For the first 22 years of my life, I was not a person who moved. Not really. A bit of yoga at home when the mood struck. A couple of nervous attempts at the gym that never lasted longer than the membership I'd already stopped using.

Exercise felt like something other people understood — a language I'd never been taught and assumed I'd missed the window to learn. I wasn't unfit on purpose. I just genuinely didn't know where to begin, and every attempt confirmed the quiet story I'd told myself: this isn't for me.

Then, almost by accident, that story fell apart.

I happened to work near a pole studio. One day, with a friend and not much of a plan, I decided to try a class. I had no expectations — if anything, I expected to be bad at it and a little embarrassed.

What I got instead was a teacher who made me feel completely safe. Supported, not judged. Like it was okay to be a beginner, okay to be weak, okay to not know what I was doing. That feeling changed everything. I walked out hooked.

For the first time, moving my body felt like play instead of punishment.

Hooked turned into four, five times a week. I added flexibility classes. I started looking forward to it the way you look forward to seeing friends. And somewhere in there, the thing I'd been so intimidated by quietly stopped being scary.

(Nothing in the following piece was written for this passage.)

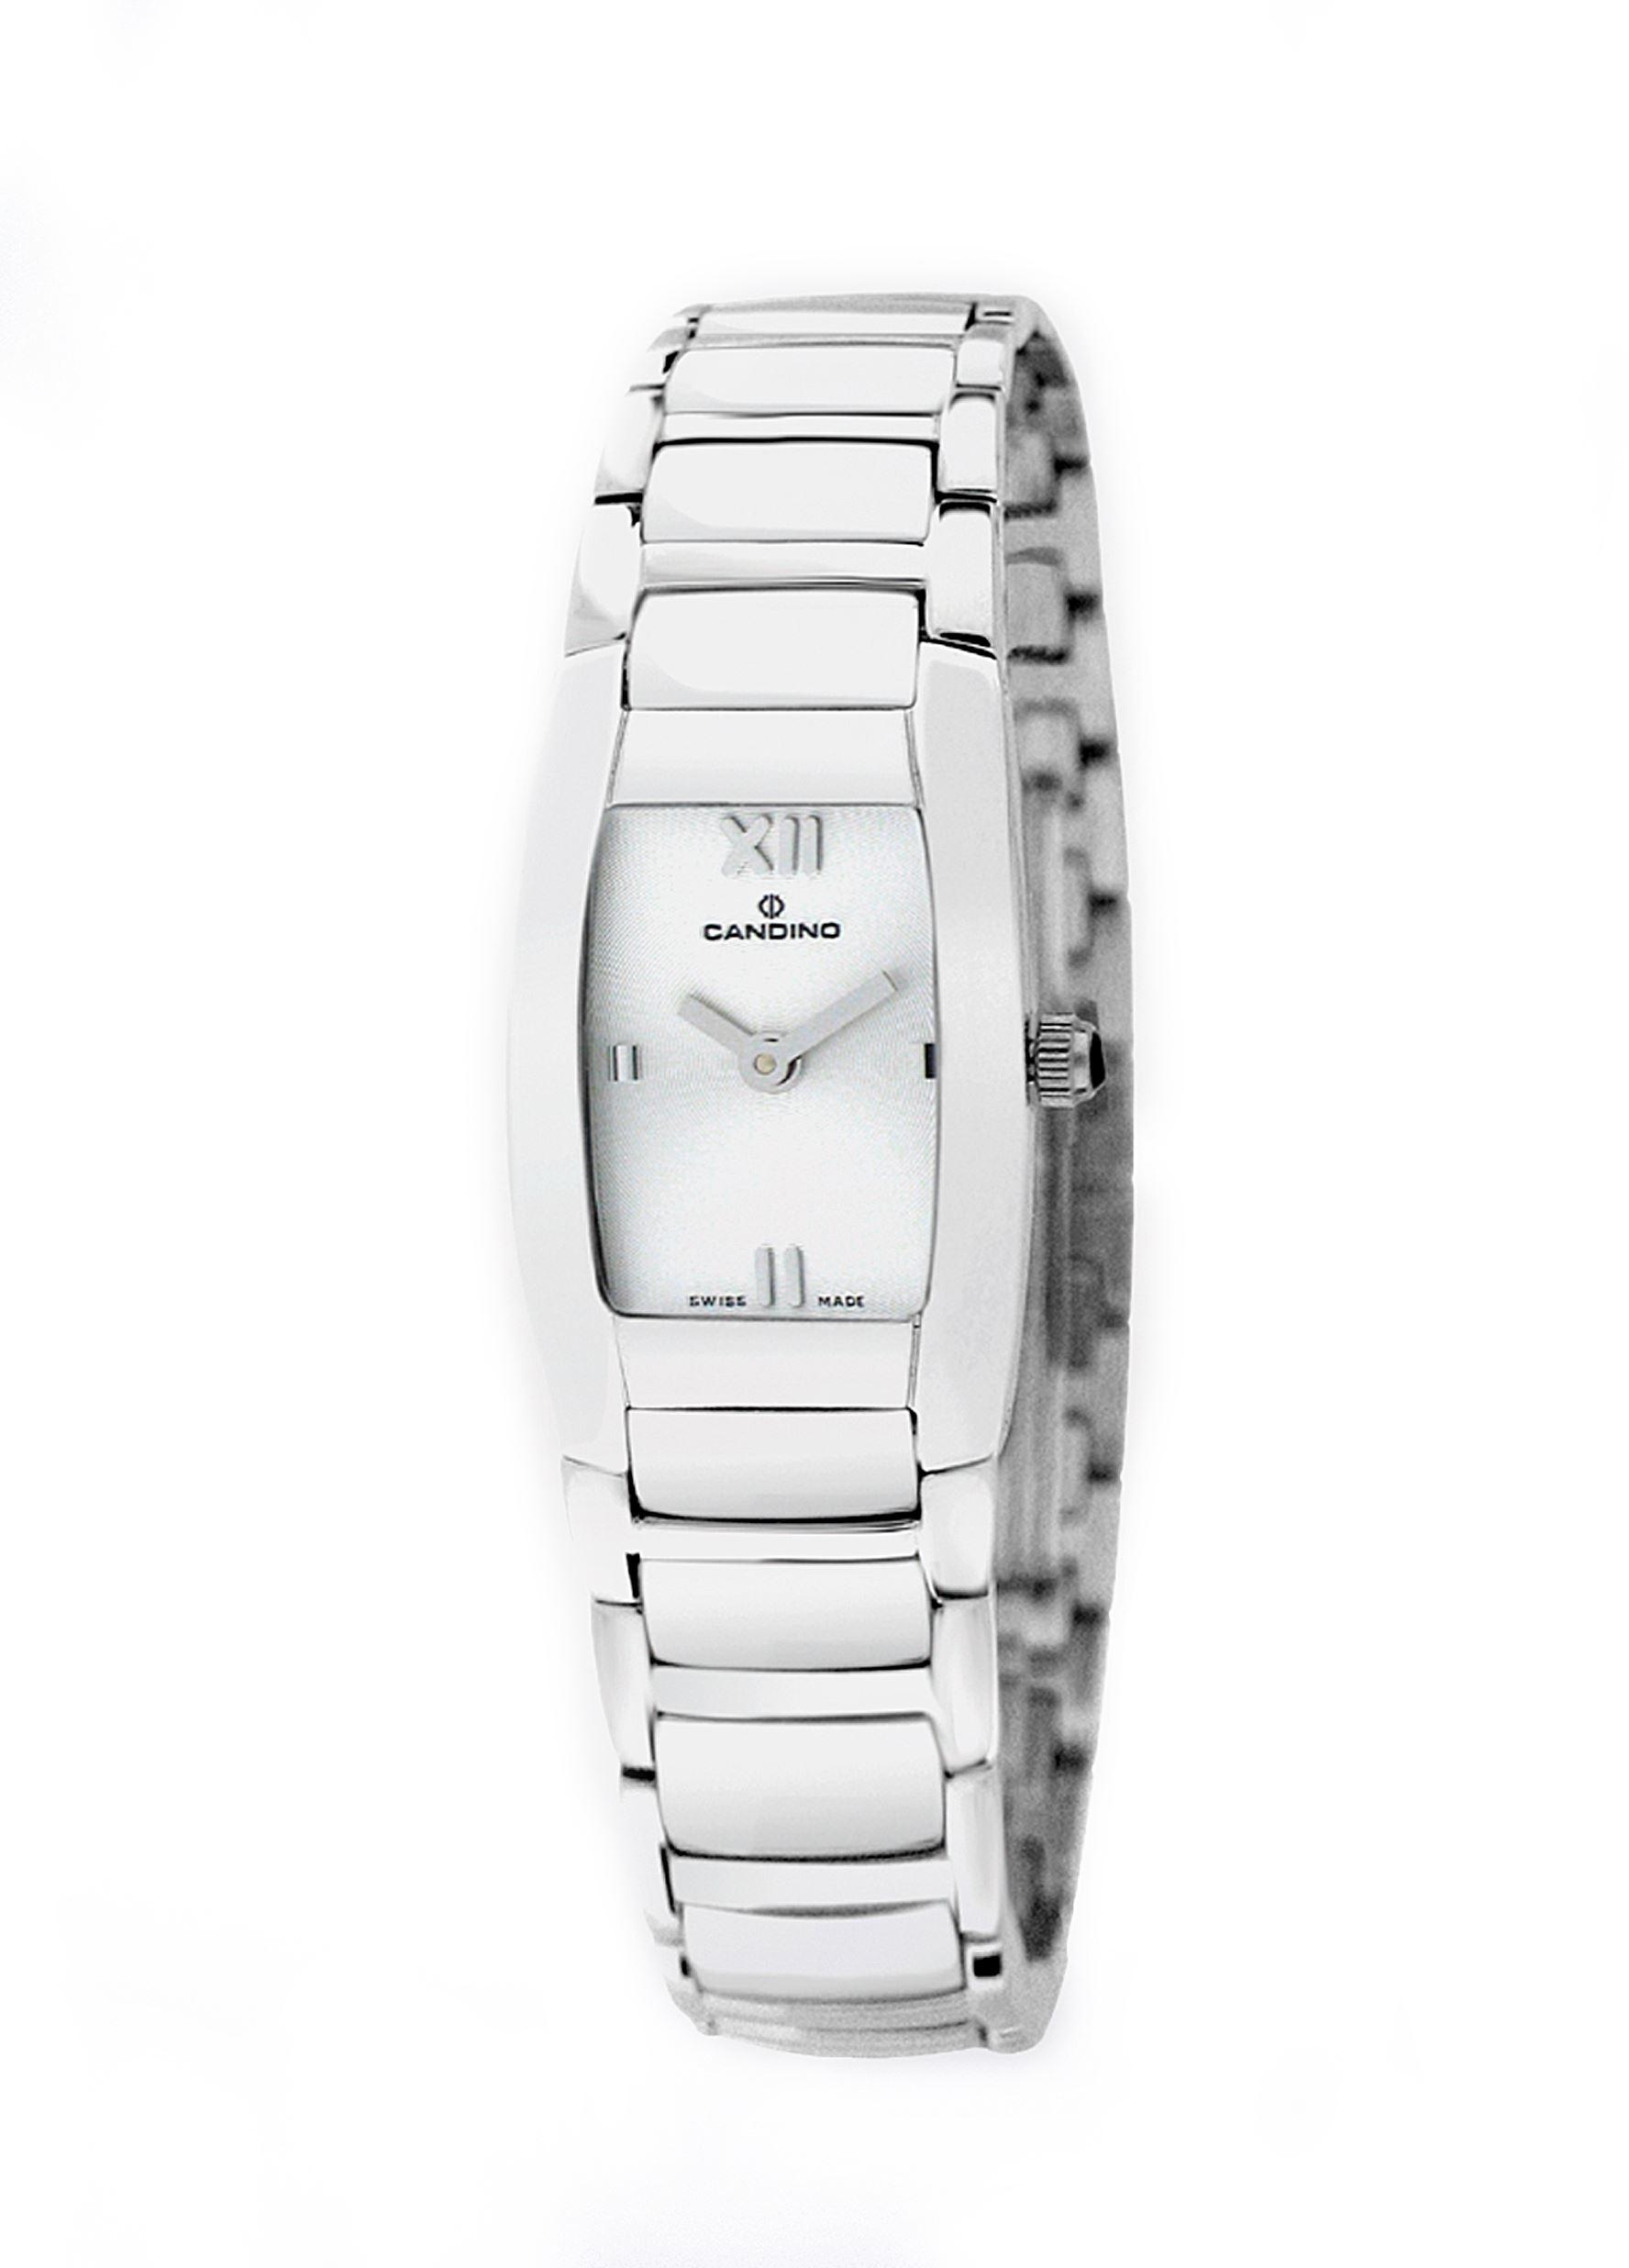 Jaguar & More - Γυναικείο Ρολόι CANDINO

So I kept pulling the thread. I walked into a gym — the place that used to defeat me — and it wasn't a mystery anymore. I tried calisthenics. I tried more sports than I can count. Each one opened another door. Movement had gone from a closed world to one I got to explore however I wanted.

What I think about now is how close I came to never walking into that first class. How many people are sitting exactly where I was at 22 — certain that being strong, or flexible, or athletic is something other people get to be.

It isn't. I'm living proof that it's built, not born, and that it can start at any age, from absolute zero.

That's why Pole Peak exists.

I want to help the people who think they can't do it — the ones who never found their sport, who feel weak or unsporty or too late — discover how good it feels to move their body in fun ways. Exactly the way someone once did for me.